But also, for those who are worried that there's no one watching the watchers, remember that FBI Director Cash Patel also provided consulting services for the government of Qatar, which he did not disclose to the Senate during his confirmation process, nor did he register under FARA.
They were a client of his until November of 2024.
You can't fly into Newark anymore.
I know.
It's uh, it's not safe.
We don't have enough air traffic controllers.
We're losing radar, but there's one plane, one plane that's going to be okay.
Maybe you can fit a lot more people on it.
So I never wanted to fly into Newark, so that's true.
Yeah, silverlining.
Teterborough.
But the, the, in a rare win for the at Democrats Twitter handle, they did put out, uh, like they pointed out that this is how, like, they said, like, this is how Trump flies, and this is how all of us fly.
And it was Trump in this, in all of his lavish private jets versus delays and security issues and, and near misses.
And it is worth keeping in mind that while Trump and his cronies fly on Air Force One or fly private, members of Congress fly commercial all the time.
So my hope is that these Republican members of Congress, forget the fucking plane for a second, do start paying attention to the fact that the head of the transportation secretary is going on television saying the system is blinking red.
It's a nation of Newarks.
Well, I think they assume they're just going to get a ride on
the floating palace.
What is it?
What do we call it again?
Not the floating palace.
The pals in the sky.
The pals in the sky.
Yeah, the palace in the sky.
That's what he calls his toilet.
The floating palace.
I was,
the last time I flew from Los Angeles to Washington, D.C.,
I was sitting next to Washington Post columnist George Will, and Travis Helwig, formerly of Crooked Media and Love It or Leave It, was sitting in front of us.

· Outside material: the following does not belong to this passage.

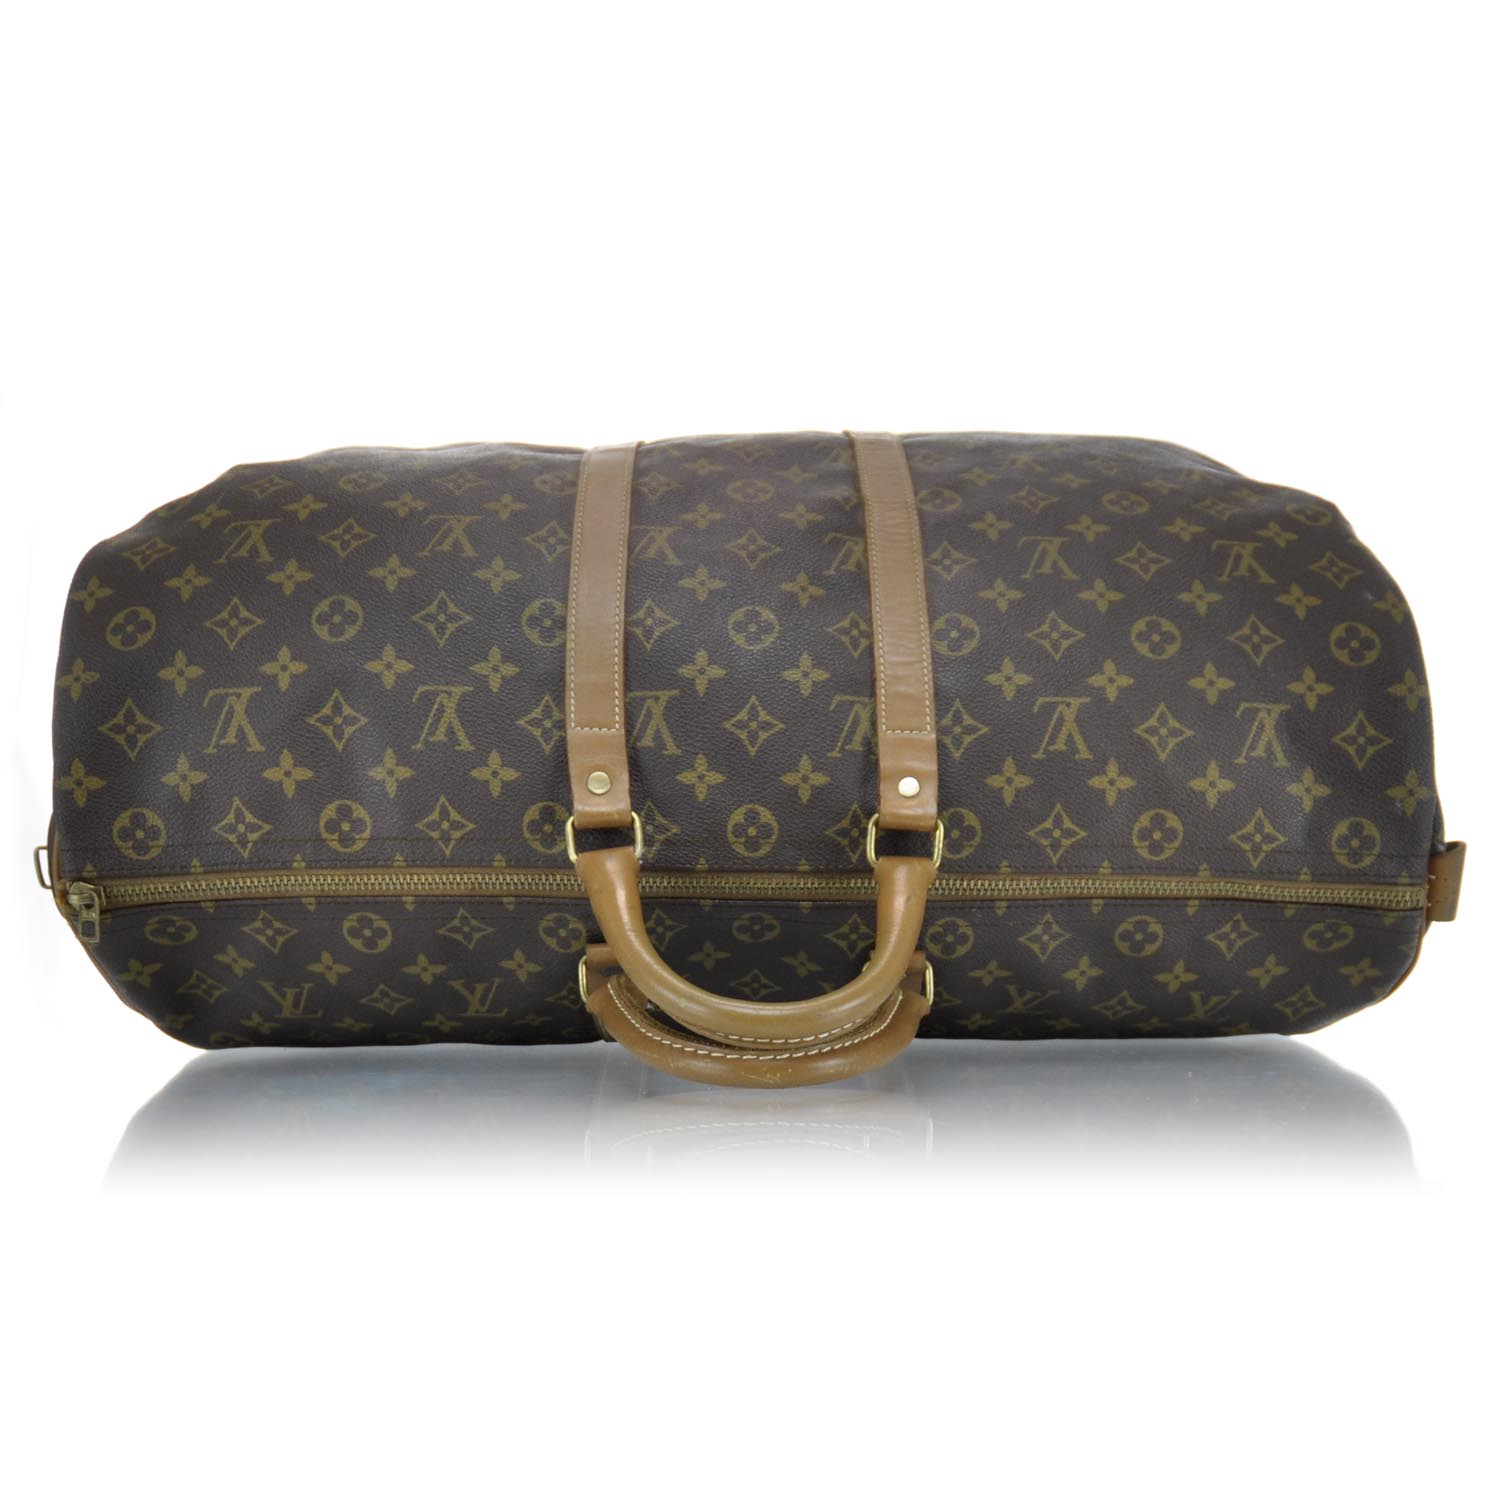 LOUIS VUITTON French Company Keepall 55 Luggage 30561

And as we were coming in for a landing, Travis just kept texting me things about what it might feel like to run into a helicopter.
And then things like George Will, 80 others die in a horrific plane crash at DCA.
I was like, thank you, Travis.
I needed this right now.
Needs to read this.
Well, let's talk about the reaction from Republicans and MAGA world,
which has not been as uniformly obsequious as usual.
Various MAGA pundits have posted criticism of the deal, the most notable coming from Trump's unofficial personnel director, Laura Loomer, who tweeted the following, I love President Trump.
I would take a bullet for him, but I have to call a spade a spade.
We cannot accept a $400 million gift from jihadists in suits.
The Qataris fund the same Iranian proxies in Hamas and Hezbollah who have murdered U.S.
service members.
This is really going to be such a stain on the administration if this is true.
I'm so disappointed.
Just one stain.
It's this one.
Otherwise, unblemished record.
Unless the stain happens to be where some of the other stains already are.
Is Trump in danger of being loomered?
I don't even know.
Yeah, Yeah,
he's been loomered.
What do you think Republican politicians say about this?
Love it, you have hope.
You have hope that maybe this will be, this is the red line.
I don't know if this is, I don't have hope that this is going to be, I don't think there's no lines.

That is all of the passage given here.